This guest post comes from Erika K. Carlson, a graduate student in the Department of Astronomy at UW–Madison studying how being in binary and multiple star systems affects the behavior and evolution of stars. She is passionate about sharing science and the Universe with others through outreach, teaching, and social media.
If you’ve been following astronomy and space-related news, you probably know that this August gives viewers in North America the chance to witness a spectacular celestial event — the solar eclipse — but that’s not the only thing to watch for in the skies this month.
In fact, every August is an excellent opportunity for stargazers all over the world to experience one of the most concentrated displays of meteors — shooting stars — of the year in an annual event known as the Perseid meteor shower.
You may have seen guides on viewing the meteor shower on August 12 (and you can try out those recommendations at the Pine Bluff Observatory this Saturday), but why are there more meteors around this time every year, and why should this interest anyone, aside from the appeal of a pretty nighttime display?
Understanding where meteor showers come from answers the question of the Perseids’ yearly appearance. A single meteor is the streak of light visible in the sky when friction heats a piece of extraterrestrial rock that enters our atmosphere and causes it to glow. A meteor shower occurs when a large number of meteors streak through our atmosphere in a relatively short period of time. This happens when the Earth, in its annual trip around the Sun, passes through a trail of debris left behind from another Solar System object — usually a comet, though sometimes an asteroid — that intersects Earth’s orbital path around the Sun.

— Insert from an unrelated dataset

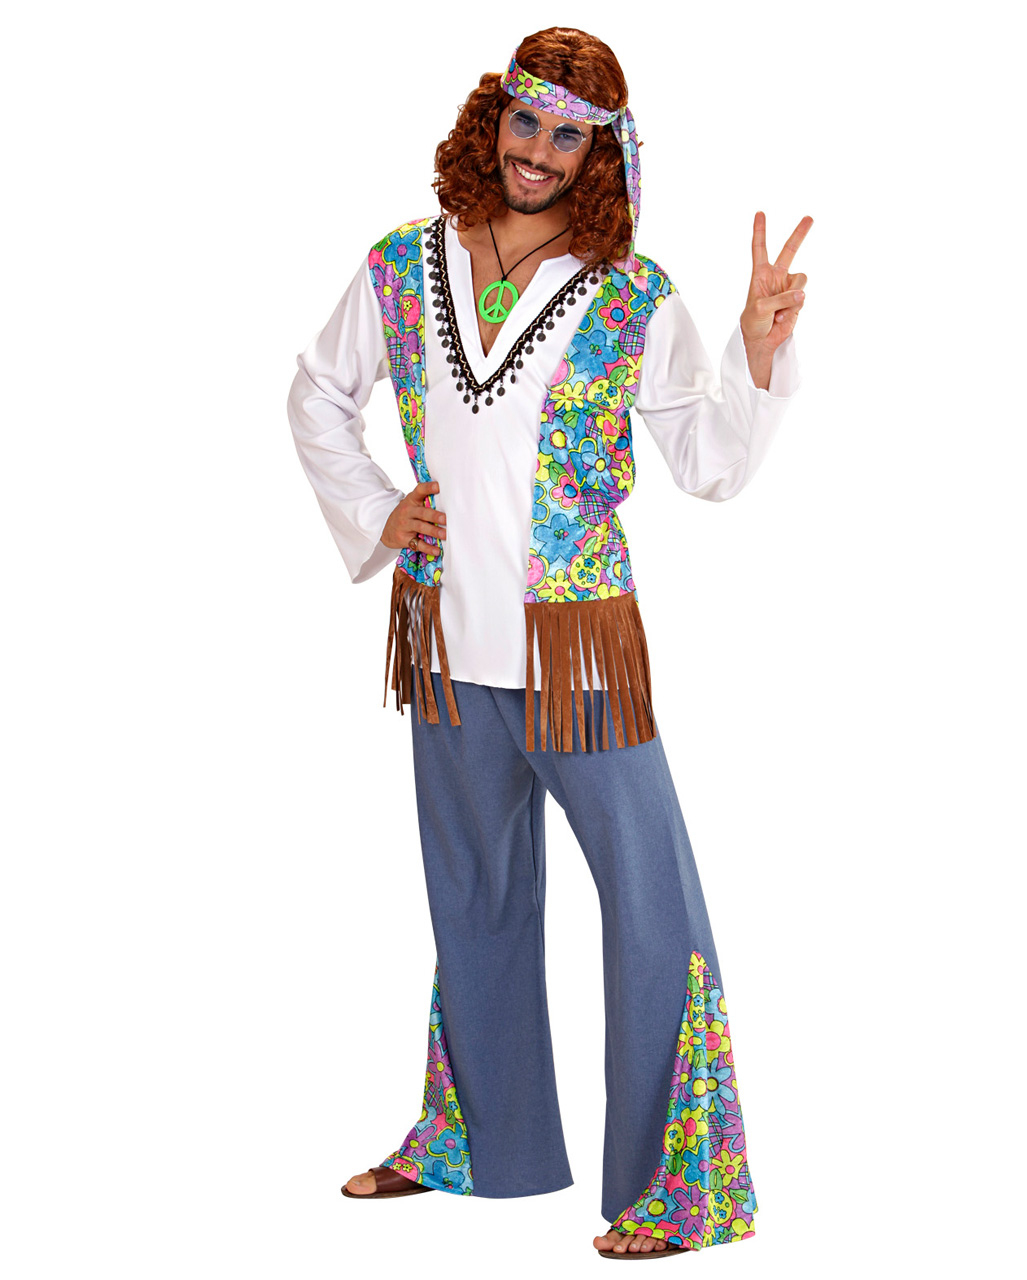 Hippie Männer Kostüm Gr. Xl Für Fasching  Horror-Shop bei Kostüm Ideen Männer

Because the Earth will pass through this same debris-cluttered section of its orbit at the same time each year, the Perseids and other yearly meteor showers occur on a very regular and predictable schedule. This yearly schedule is also tied to the Perseids’ name. You may have heard that the Perseids get their name because the meteors seem to come from the location of the constellation Perseus in the sky. This is because the Earth is traveling toward Perseus at the point in its orbit where it passes through the debris, so meteors are entering Earth’s atmosphere from that direction. The cloud of debris that Earth plows through each August to produce the Perseid meteor shower was left behind by Comet Swift-Tuttle, which completes an orbit of the Sun once every 130 years or so. It was last seen from Earth when it passed through the inner Solar System in 1992, and its appearance was even recorded as early as the year 188 by Chinese observers.
So, that’s why meteor showers like the Perseids happen. But why should we care about meteors?
The most dramatic example of a meteor’s impact on Earth is the asteroid that likely caused the famous mass extinction of dinosaurs (and many other species) about 66 million years ago. Much more recently, in 2013, the city of Chelyabinsk, Russia saw a meteor over fifty feet in diameter enter Earth’s atmosphere and produce an enormous explosion. However, for most meteors you might see, the piece of rock that’s falling and glowing is very small and will burn up completely before reaching the ground, or reach the ground as a miniscule speck called a micrometeorite. But sometimes a meteor ends up as a sizable chunk of rock, called a meteorite as soon as it lands on Earth’s surface, and then it’s a valuable research subject for scientists who study the origins of the Solar System and of life on Earth.
Scientists can use radioactive dating methods to get a very good estimate of the age of a meteorite, which can tell us about the history of the formation of the Solar System. The chemical compositions and ages of these meteorites and of rock samples from Earth support the idea that our own planet formed from the same extraterrestrial dust and rock that makes up meteorites. After our Sun formed by collapsing from a massive cloud of gas, the disk of dust and debris that remained in orbit around it is thought to have aggregated into larger bodies that eventually became asteroids, comets, or rocky planets like our own Earth.
Meteorites have also given evidence for the existence of complex organic compounds outside Earth. By studying the chemical composition of meteorites, scientists have found molecules that are building blocks of life, such as amino acids, in meteorites. While this doesn’t tell us whether life exists outside Earth, it shows that some of the molecules essential to life as we know it can start forming in extraterrestrial environments. Researchers who study organic compounds in meteorites suspect that meteorites may even have contributed to the beginnings of life on Earth.
So when you gaze up at the night sky to enjoy the Perseids this weekend, remember: they may seem like purely celestial events, but with their connections to the origins of the Solar System and to life on Earth, they may be much closer to home than they appear.